If conversations between you and your ex-best friend manage to get passed the most basic uninformative conversation known as “Hi how are you,” then conversations will remain in the small-talk genre. The weather, school, and, if any, shared clubs will be the extent of your conversation. No longer do you talk about your summer vacation to the Cape or her beach house in Ipswich.
8. Things are awkward when you’re together.
When you are together, you can’t seem to figure out what to say to each other. There’s a lot of awkward silences and you can’t figure out what to talk about, or if you should talk for that matter. When you and the person you told your secrets to can’t figure out if you should have a conversation, then you know that your friendship will never be the same.
If your friend is doing these behaviors, then I hate to break it to you, but she doesn’t want to be friends anymore. When I lost my friend for reasons I still don’t know back in November, I was devastated. I felt like a piece of me had been ripped off and buried in the mud. I tried and tried to get her back, but nothing I did changed her mind. I missed her terribly, and I couldn’t even figure out why she left me in the first place. But she was ignoring me and lying to me and giving me countless excuses. It took me a while to figure out she did not want me as her friend anymore. I was hanging onto what our friendship used to be like and I thought it could come back. But it didn’t, and it never will. I ask myself, “Why would she do something like this?” Not just because it’s extremely rude, but because she was my friend. It hurts even more when a person you cared a lot about kicks you to the curb. It sucks. I mean no one wants to lose someone who they were close with, especially in such a negative nonchalant manner, because it’s more than just growing apart. But I’ve been thinking, if she is treating me like this, was she really my friend in the first place? Because friends don’t treat friends in these manners, even if they don’t want to be friends; you’d have a conversation about it, not ignore them or act like they’re not important. So, no, by her standards, I was not a legitimate friend of her’s. If she can't call me a friend, I shouldn't do the same. She has made it pretty clear by this point that she doesn't want to be friends with me anymore, and I have to understand that and move on.

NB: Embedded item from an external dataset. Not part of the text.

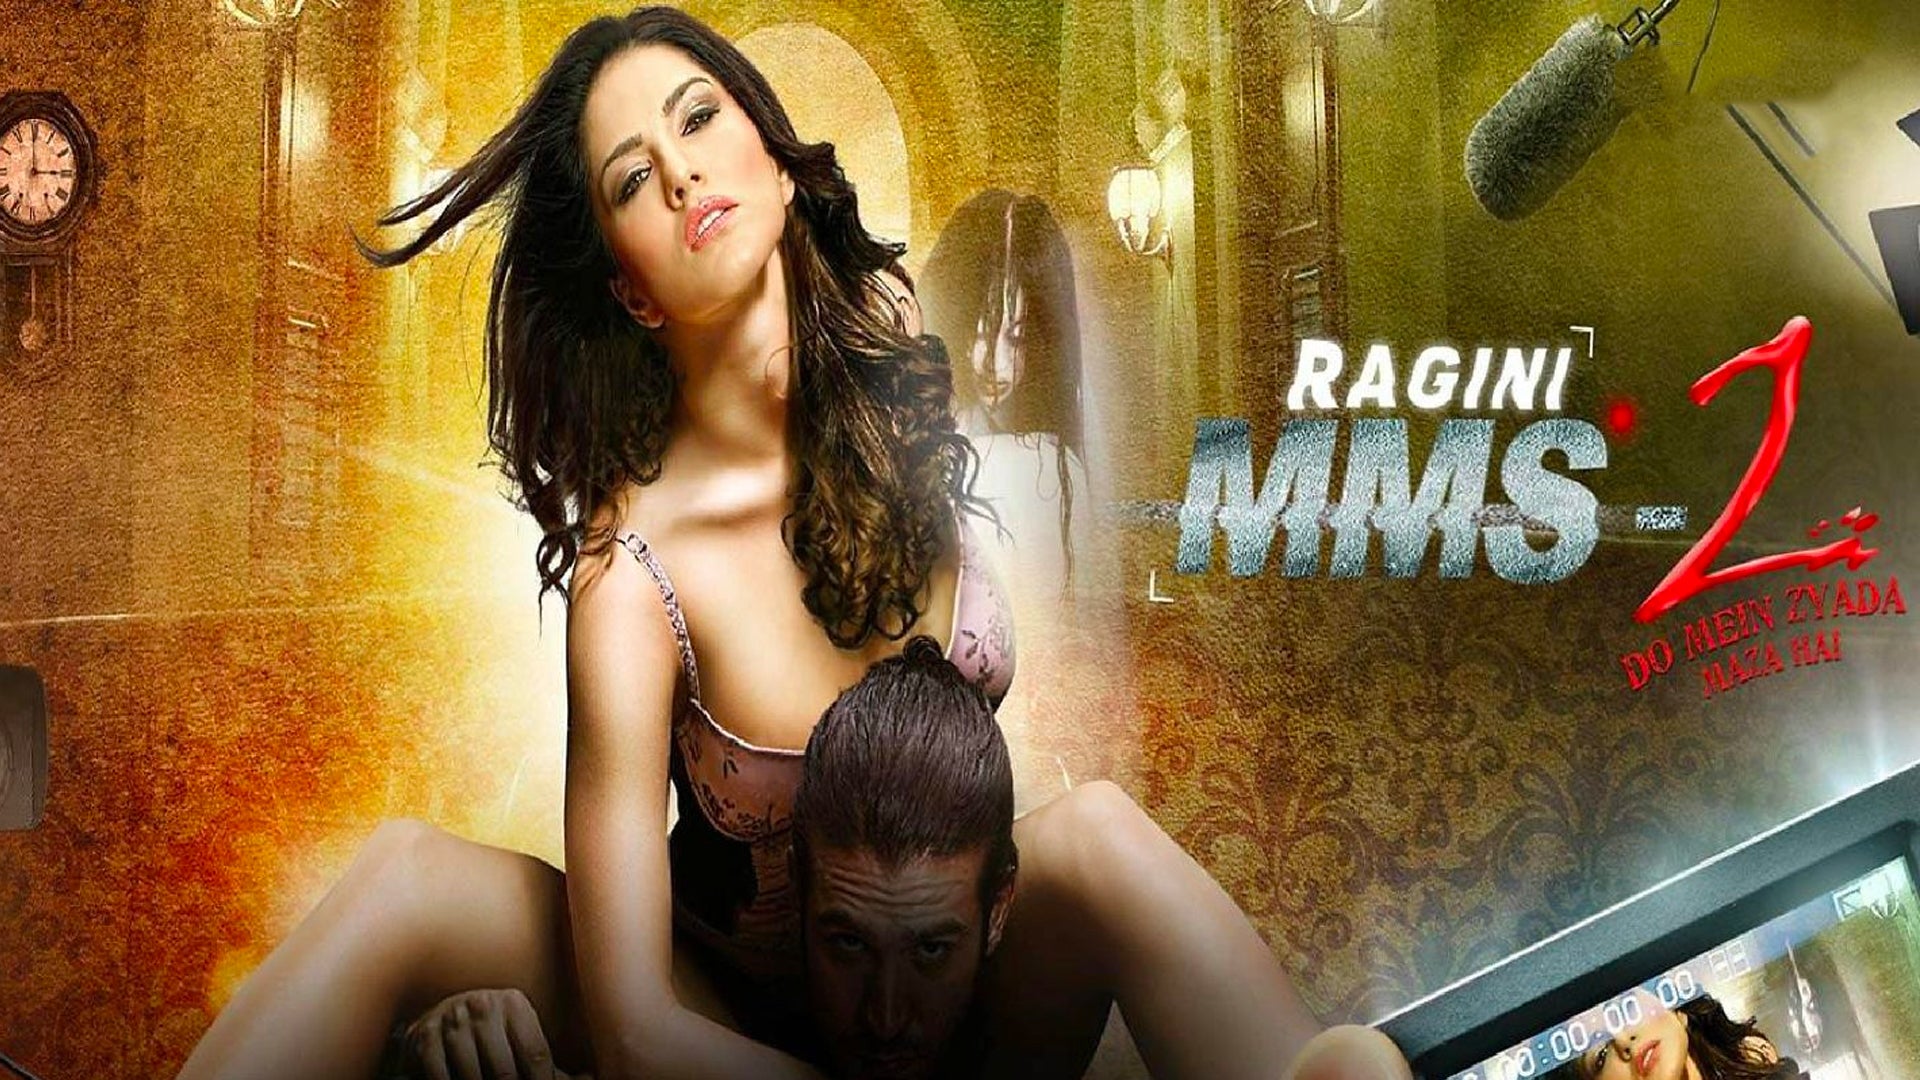 Ragini Mms 2 Xxx Sex Video - Ragini MMS 2 (2014) Hindi Movie: Watch Full HD Movie Online On JioCinema

If your friend gives you these signals, you must move on like I had to. I mean, they obviously have, and you need to do the same. I know it’s hard. I know you’ll want to keep trying to win them back, but you can’t. You’ll drive yourself crazy. Trying to rekindle a friendship with someone who is indirectly telling you she does not want you in her life anymore through her behaviors is only going to hurt you more. Doing all you can for someone and not getting anything in return diminishes your self esteem,; it'll only make you feel worse about yourself, especially if at one point you both went of your way for each other. What you need to do is take time to think about whether this person wants to be friends based off the signals they’re giving you. And if you discover from reading this that they in fact don’t want you to be your friend, stop trying to rekindle the friendship and find someone who will appreciate you, and will not suddenly leave without providing you a reason because chances are your friendship will not be restored. They made themselves clear through their behavior. No one deserves to be ignored nor lied to. I know it will be difficult to get over them since you had so many positive memories together, but you need to forget about them and move on. Forgetting about them will benefit you in the long run.